I'd thought about that a bit while building this, and struggled to
find cases where this was observable in a defined fragment shader
execution.

The ARB_viewport_array spec says:

    If the value of the viewport index is outside the range zero to the value
    of MAX_VIEWPORTS minus one, the results of the viewport
    transformation are undefined.

It seems absurd to carry around an extra real slot which only adds any
value in a case where we're not required to be performing any
particular fragment shader invocations at all.

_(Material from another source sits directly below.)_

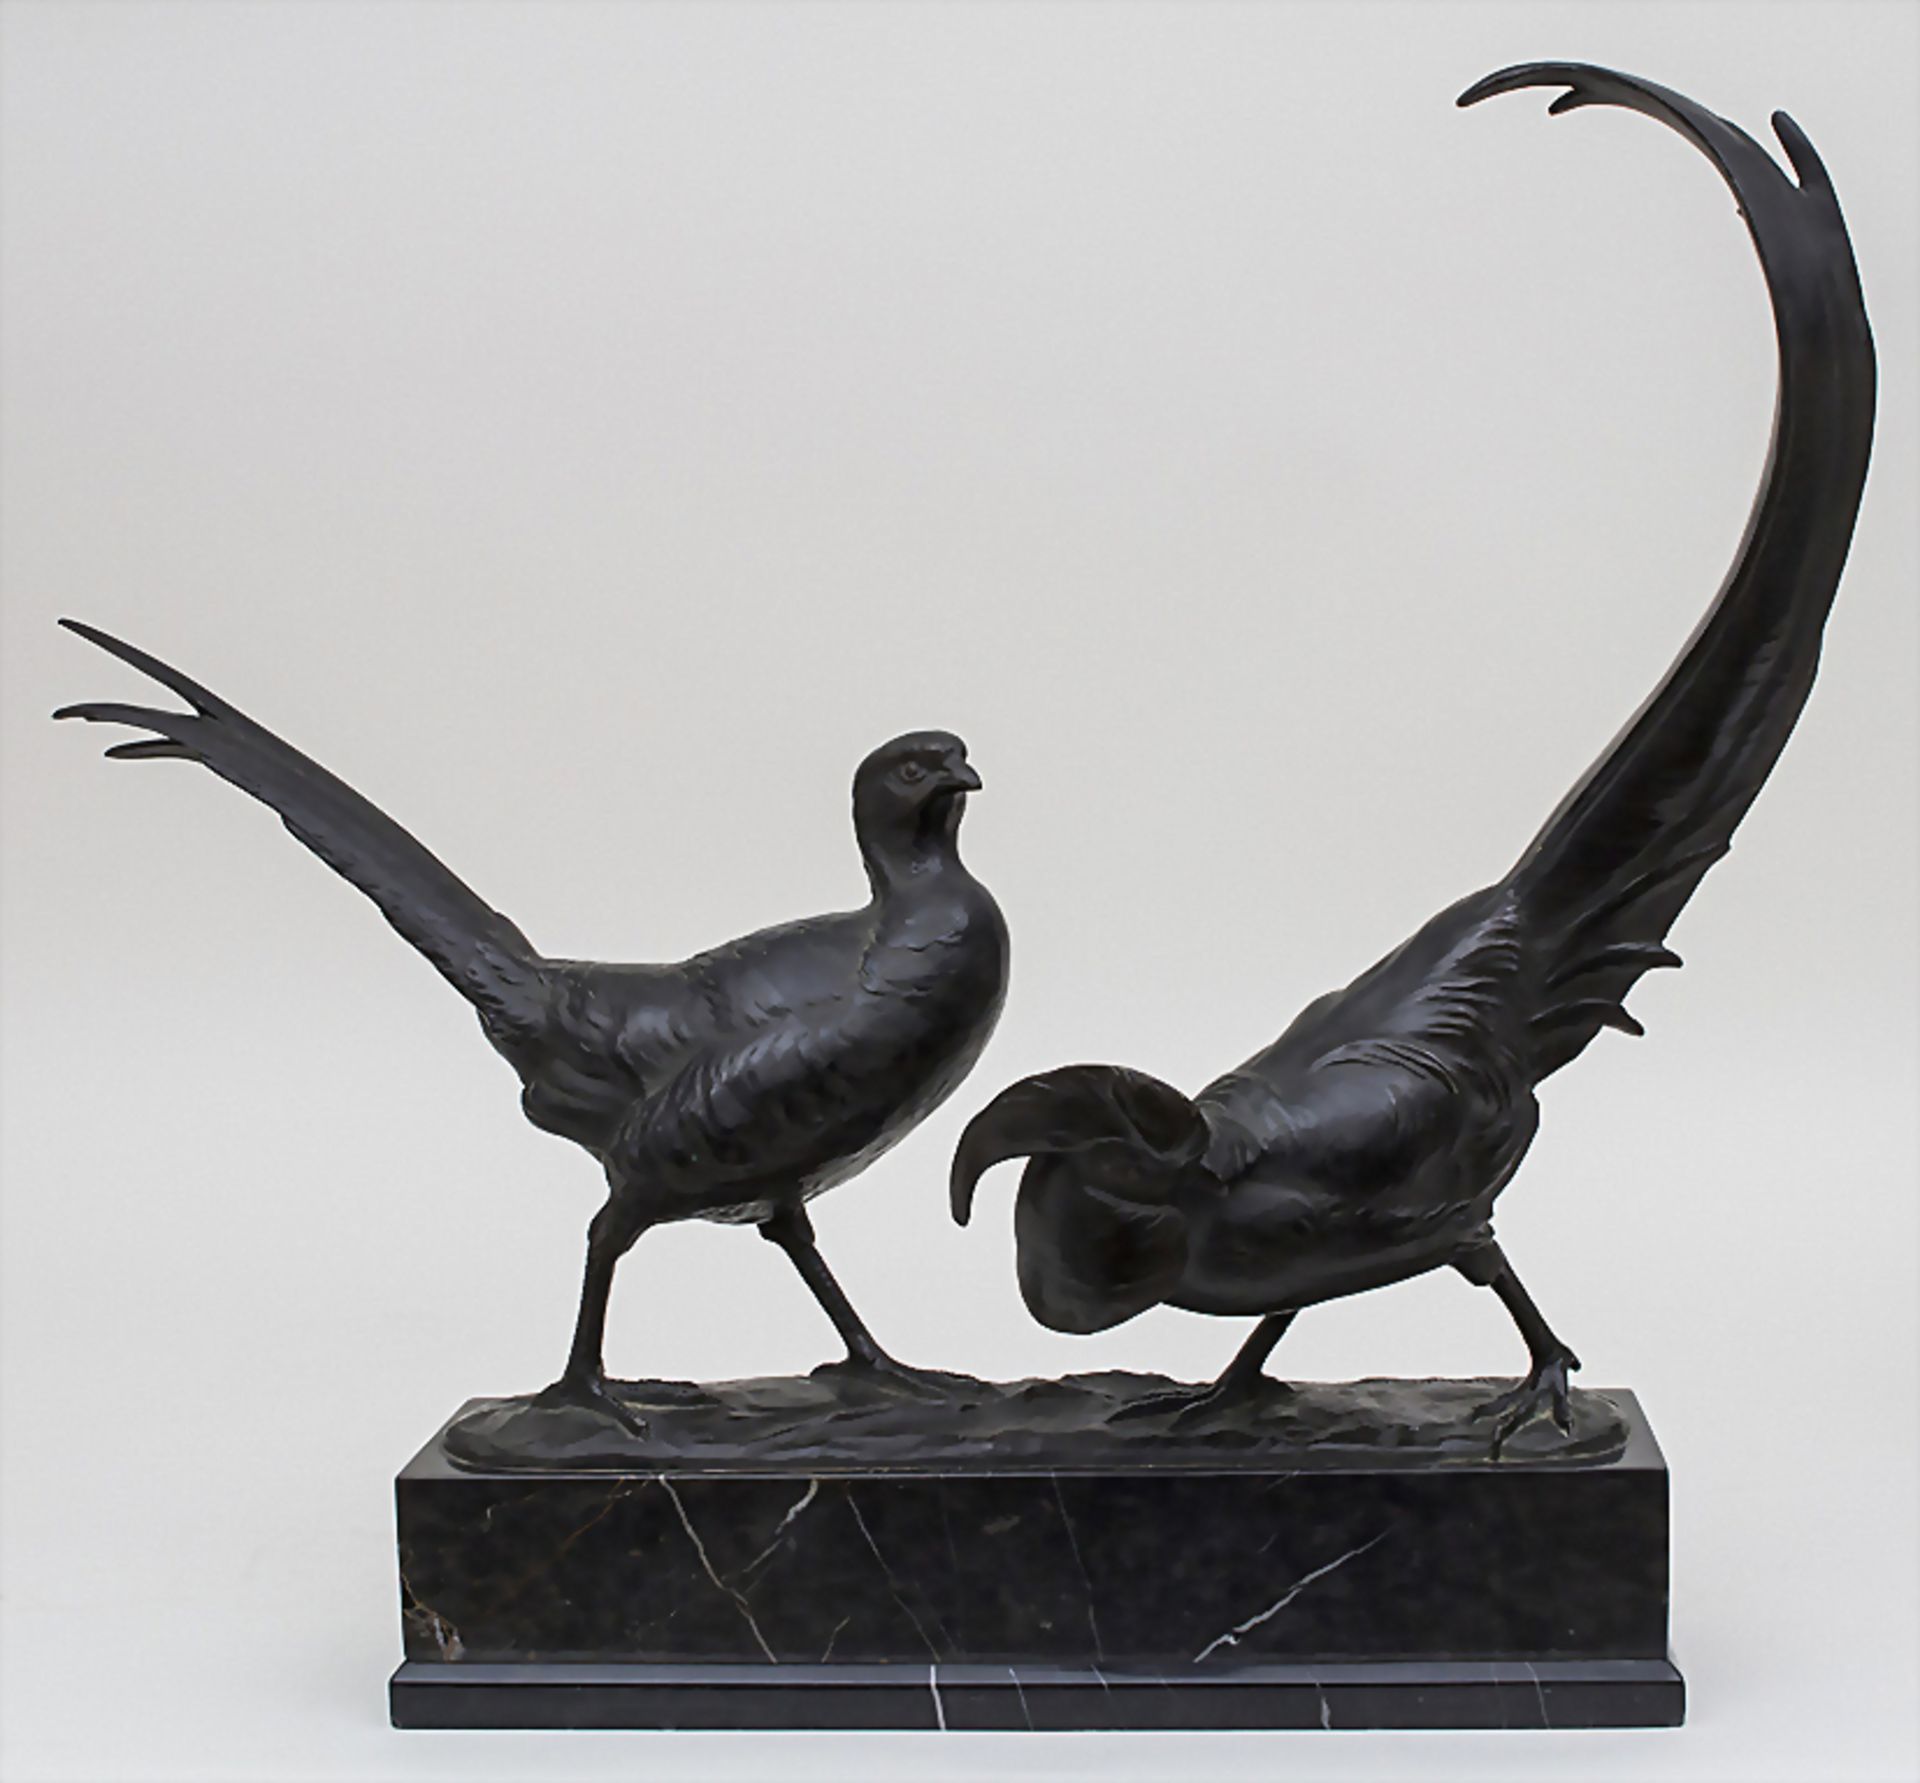 Paar Goldfasanen / A pair of golden pheasant, Anton Büschelberger, 1869-1934Material:
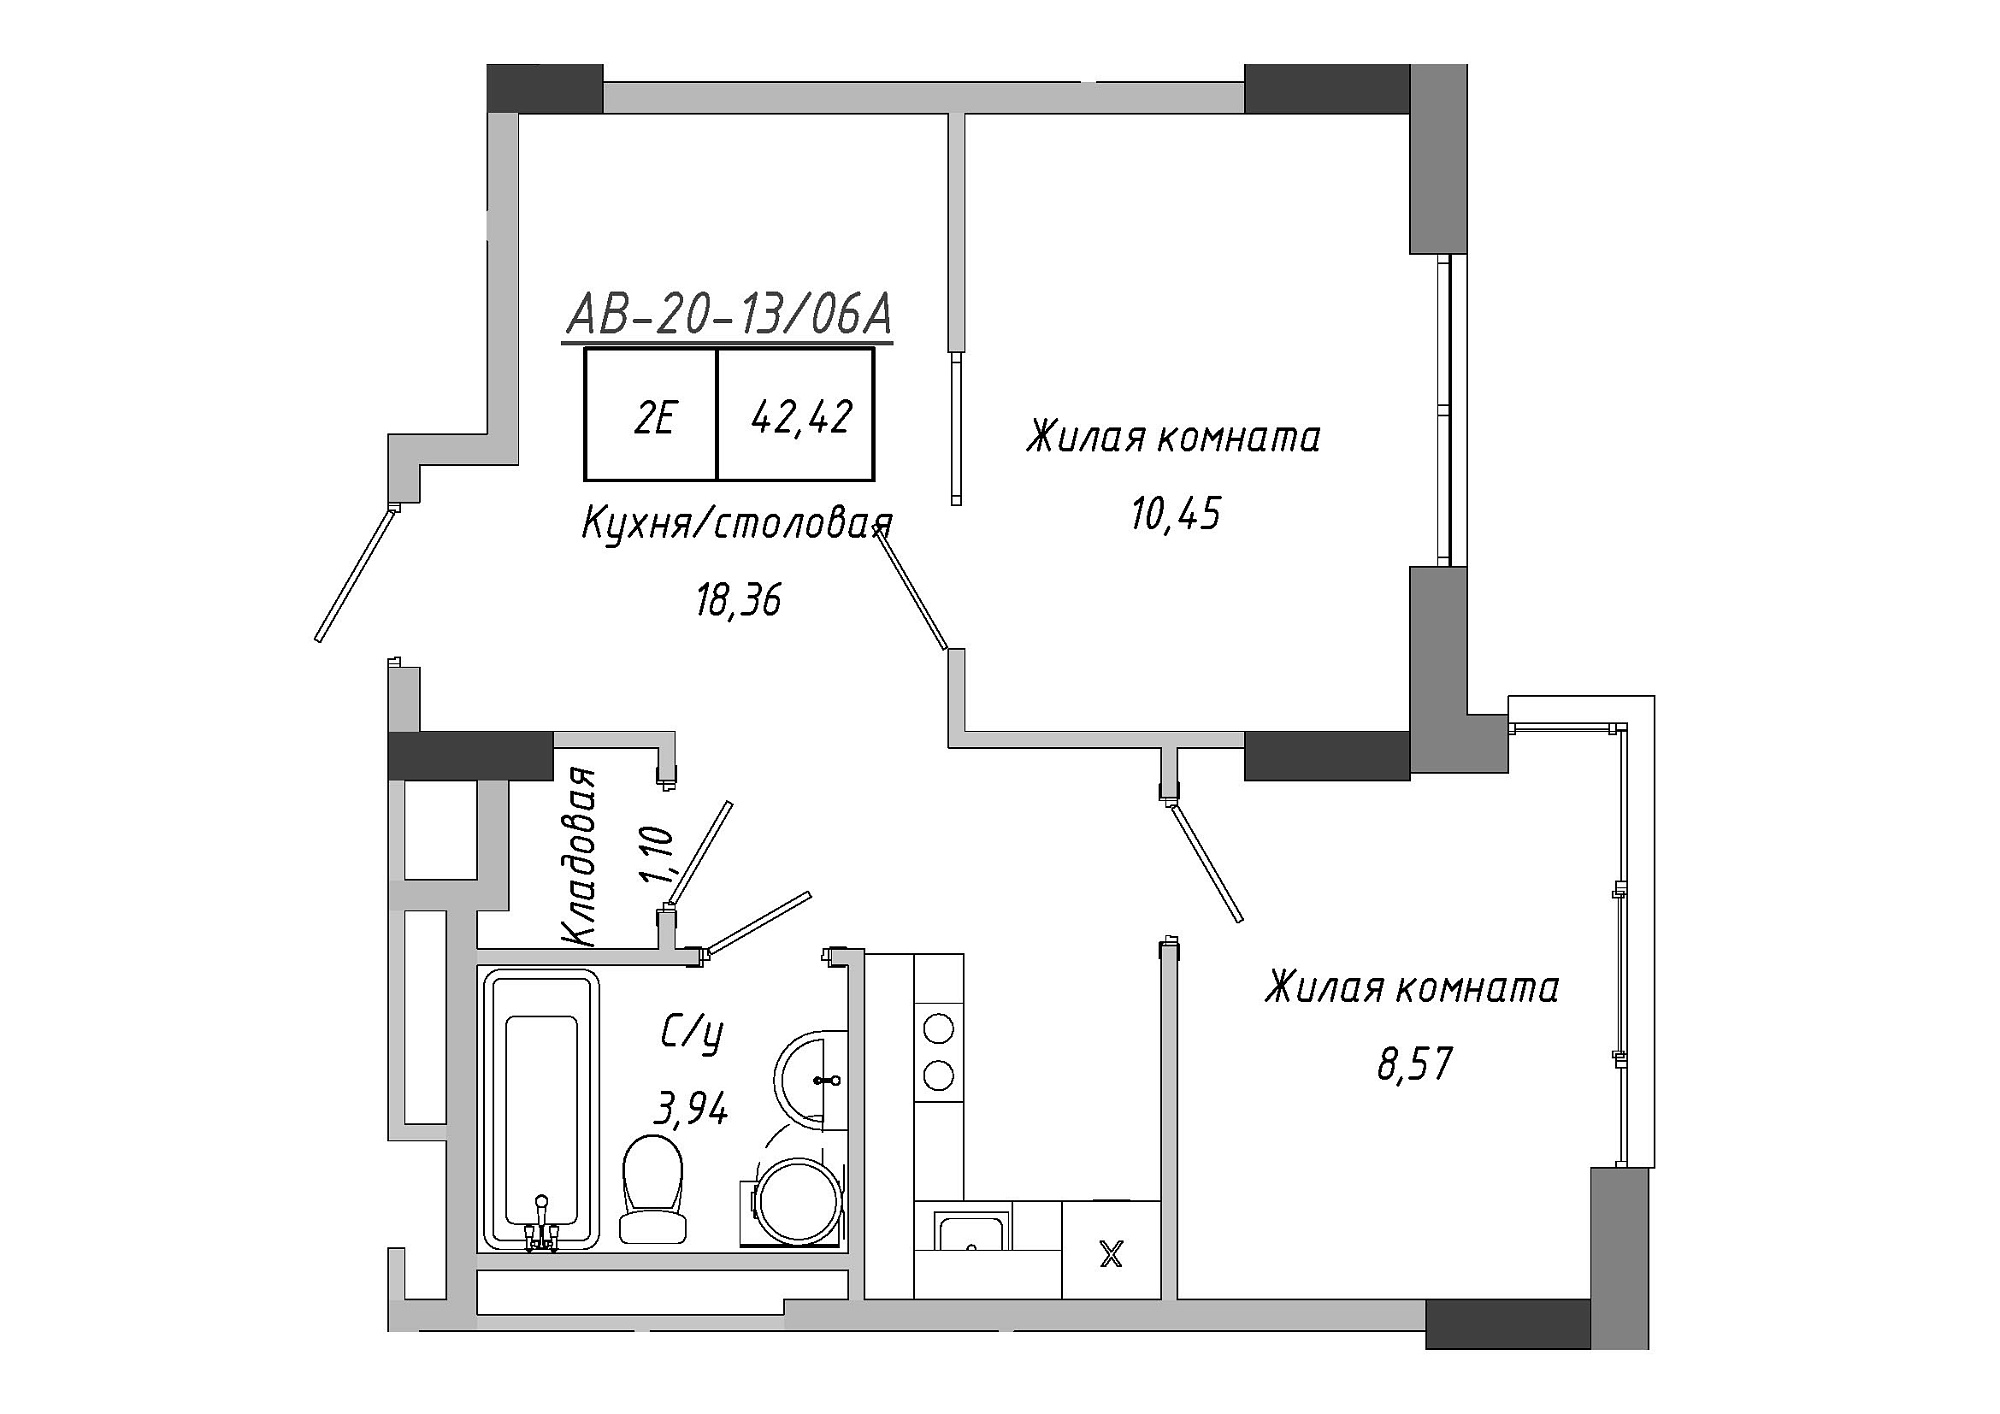 Планування 2-к квартира площею 42.42м2, AB-20-13/0106a.

I can see cases where an out-of-range gl_Layer *almost* makes sense --
only interactions with the framebuffer are undefined, so you could
have no framebuffer writes, no fragment tests, and then do something
based on gl_Layer with atomics, images, or shader storage buffers. But
it's still a mad thing to do.

Do you know the rationale for having this language in the spec?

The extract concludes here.